A Photocaged Microtubule-Stabilising Epothilone allows Spatiotemporal Control of Cytoskeletal Dynamics

The cytoskeleton is essential for spatial and temporal organization of a wide range of cellular and tissue-level processes, such as proliferation, signalling, cargo transport, migration, morphogenesis, and neuronal development. Cytoskeleton research aims to study these processes by imaging, or by locally manipulating, the dynamics and organisation of cytoskeletal proteins with high spatiotemporal resolution: which matches the capabilities of optical methods. To date, no photoresponsive microtubule-stabilising tool has united all the features needed for a practical high-precision reagent: i.e., a low potency and biochemically stable non-illuminated state; then efficient, rapid, and clean photoresponse that generates a high potency illuminated state; and good solubility at suitable working concentrations; and efficient synthetic access.

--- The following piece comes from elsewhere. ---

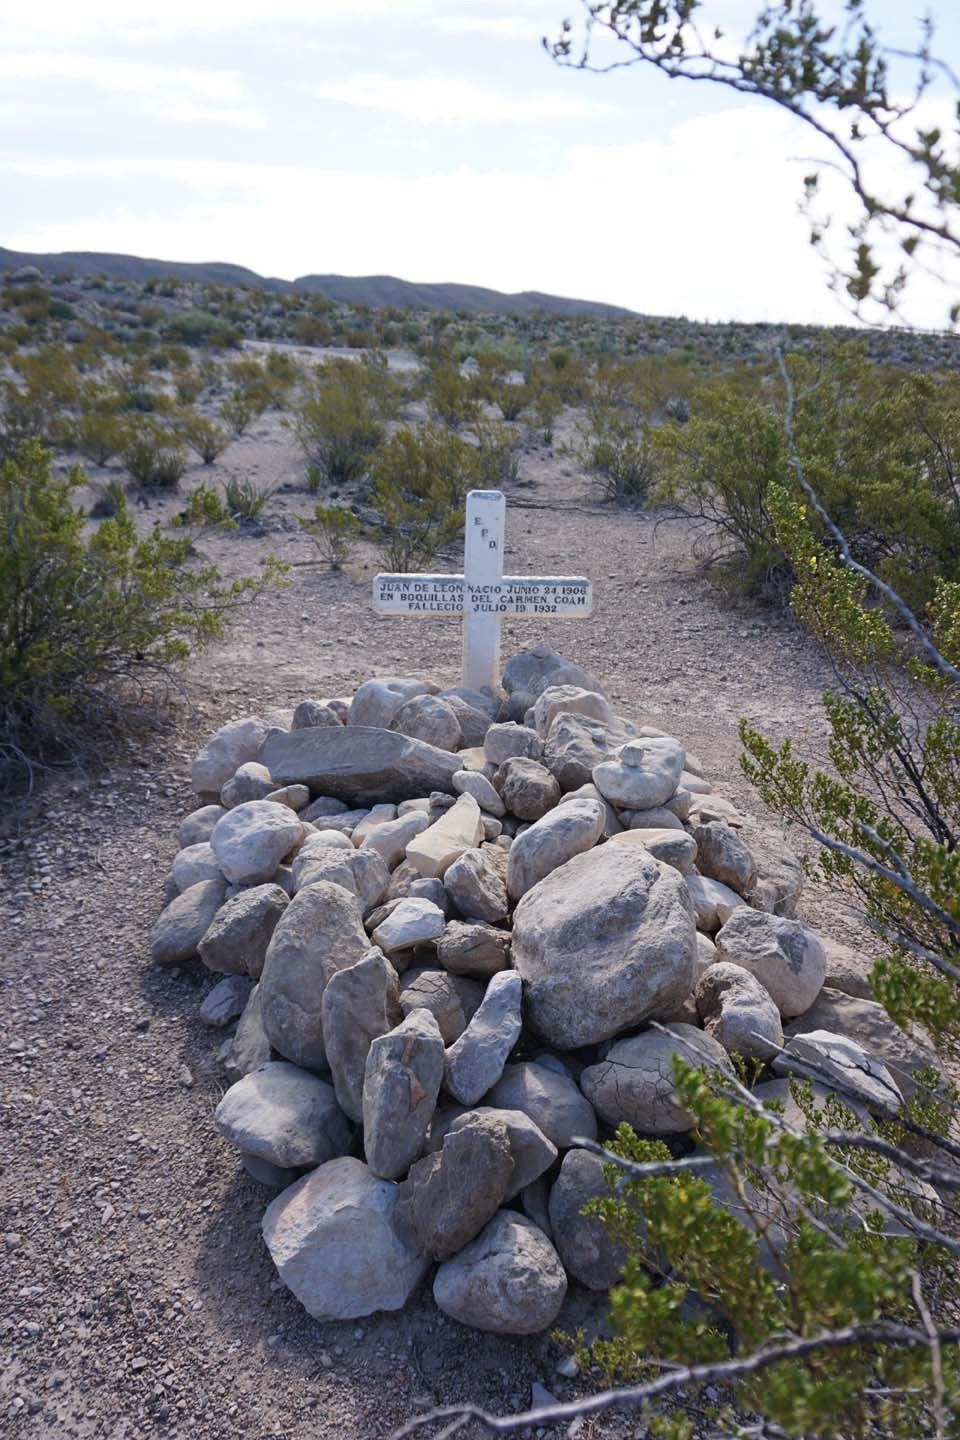 A cross headstone marks a grave with rocks piled on it.

We now present CouEpo, a photocaged epothilone microtubule-stabilizing reagent, that combines these needs. Its potency increases ~100-fold upon violet/blue irradiation to reach low-nanomolar values, allowing efficient photocontrol of microtubule dynamics in live cells, and even generation of cellular asymmetries in microtubule architecture and cell dynamics. CouEpo is thus a high-performance tool compound that can support high-precision research into many microtubule-associated processes, from biophysics to transport, cell motility, and neuronal physiology.